Salle: Must you only represent yourself, your gender, your ethnicity, or can you, in fact, play beyond these categories?
Johansson: There are a lot of social lines being drawn now, and a lot of political correctness is being reflected in art.
Salle: Does that bore you? Annoy you? Buck you up? Cheer you on? I know it's complicated, there's probably not one answer.
Johansson: You know, I feel like it's a trend in my business and it needs to happen for various social reasons, yet there are times it does get uncomfortable when it affects the art because I feel art should be free of restrictions. What do you think about it David? You're literally creating art all the time.
Salle: We're seeing a pendulum swing. The pendulum had gone way too far in one direction, and now it's swinging the other way. We all agree it had to swing; the question now is how far it has to go in the other direction, and how long it will it take to reach a point of equilibrium. I have no idea. Personally, I feel that reactions to certain things in the arts have almost reached a level of mass hysteria, and the criteria by which certain works are being judged are pretty whacky, and yet those reactions seem justified to people of a certain generation. In the visual arts there's an almost oedipal drive to get rid of the people above you, to elbow them out of your way. And that's ongoing. I'm not a sociologist, but I think one aspect of the present mood is just the desire to get rid of people who are perceived as having been around too long.
Johansson: Hmm, that's interesting.
Salle: Do you know what I mean? It's partly just biological.
Johansson: I think that's true. It's important to keep focused on the work that is meaningful to you and to keep going.
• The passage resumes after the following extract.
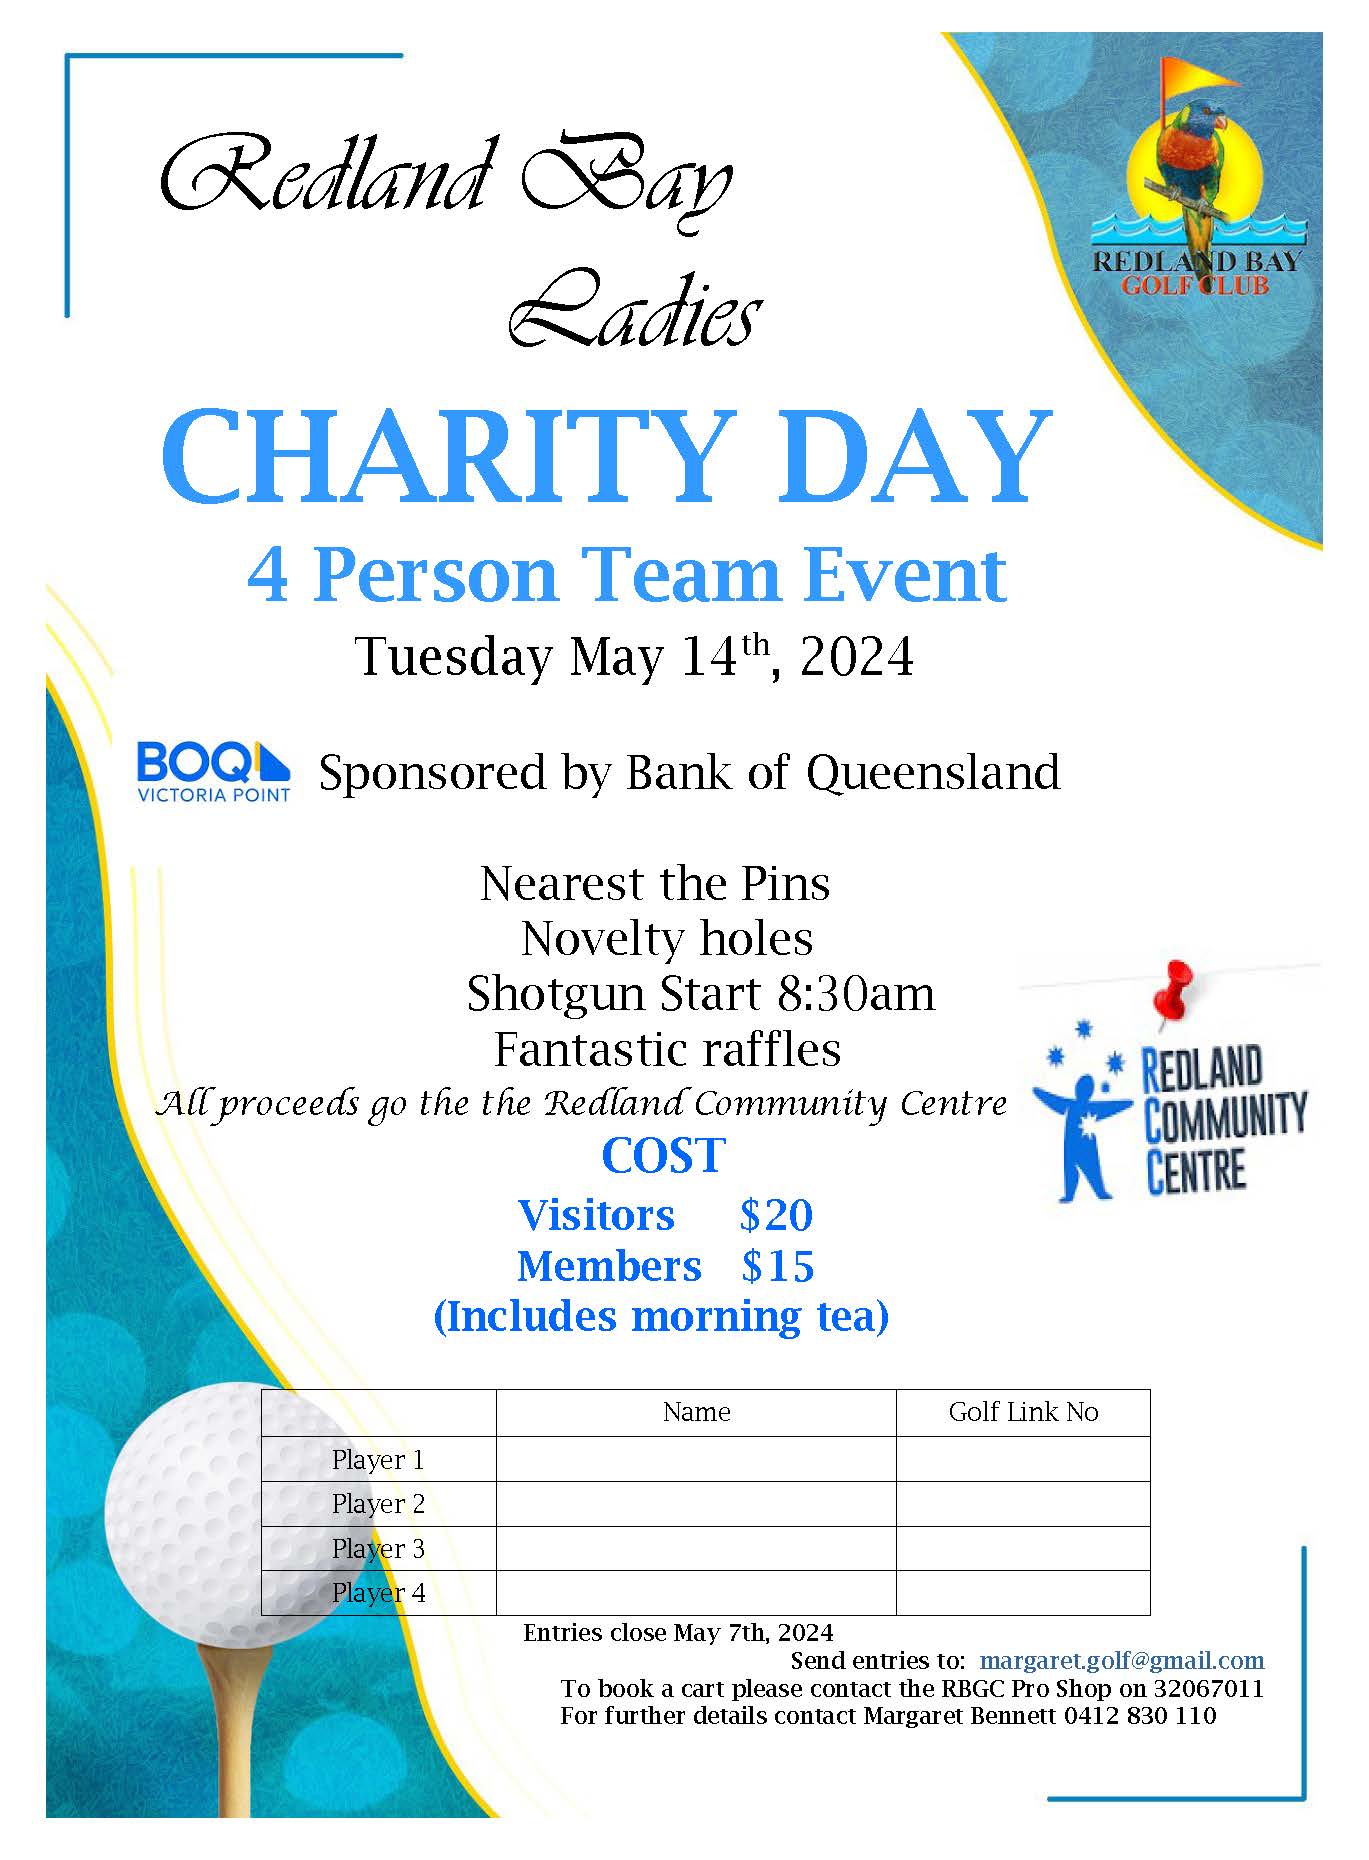 Redland_Bay_Charity_Day_Flyer.jpg
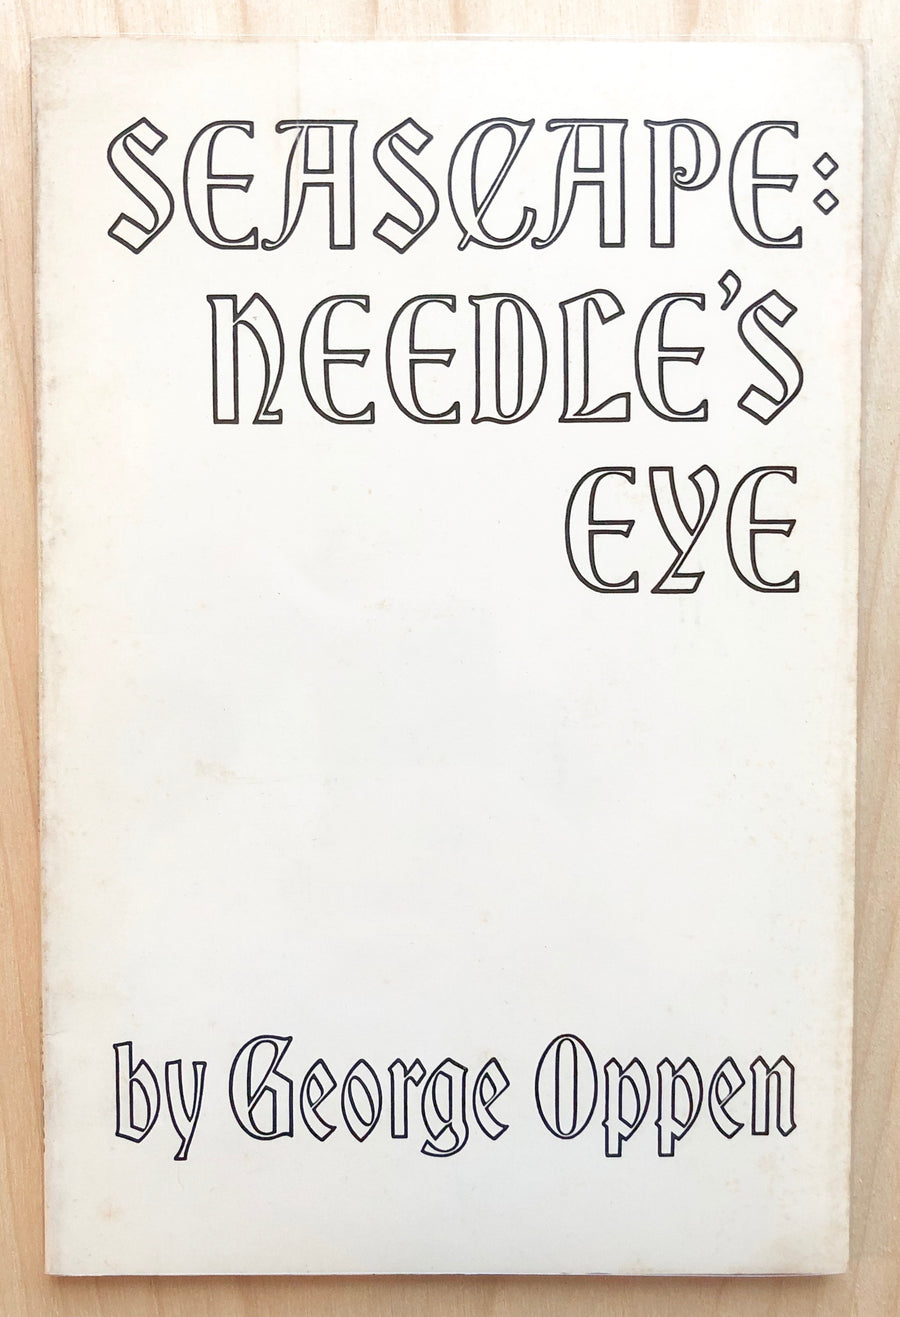 SEASCAPE: NEEDLE'S EYE by George Oppen

Salle: Personally, I don't feel that artists, writers, actors have to be superior, or even especially good citizens, but some people feel very differently about it. I mean, we would all like to be good people, good citizens. But the conflict between the two is the stuff of drama. Besides, mores change. There was an article recently in the New York Review of Books about Oscar Wilde that illustrated this dilemma. Viewed through the lens of our current morality, Wilde was a pedophile, which was the way many people of his class behaved in that time. That is no longer acceptable today for obvious reasons, but does that mean we must strip him of his status as a great writer and gay icon? Do we need to reject him altogether? I don't know the answer to that, but it's possible for me to separate personal behavior from the art. It's not so easy for others.
Johansson: I think that's fair. I understand how it's harder for some, and we all have our own experiences. I think society would be more connected if we just allowed others to have their own feelings and not expect everyone to feel the way we do.
Salle: I agree completely. However, the problem is that some people's feelings manifest in censorship and therefore affect the lives of others. Censorship in the arts results in paintings being taken out of museums, books being removed from libraries, and films being banned because people had certain feelings about what they saw or read. Is this the point at which the left makes common cause with the right? This is the precipice that we are all standing on, for better or worse.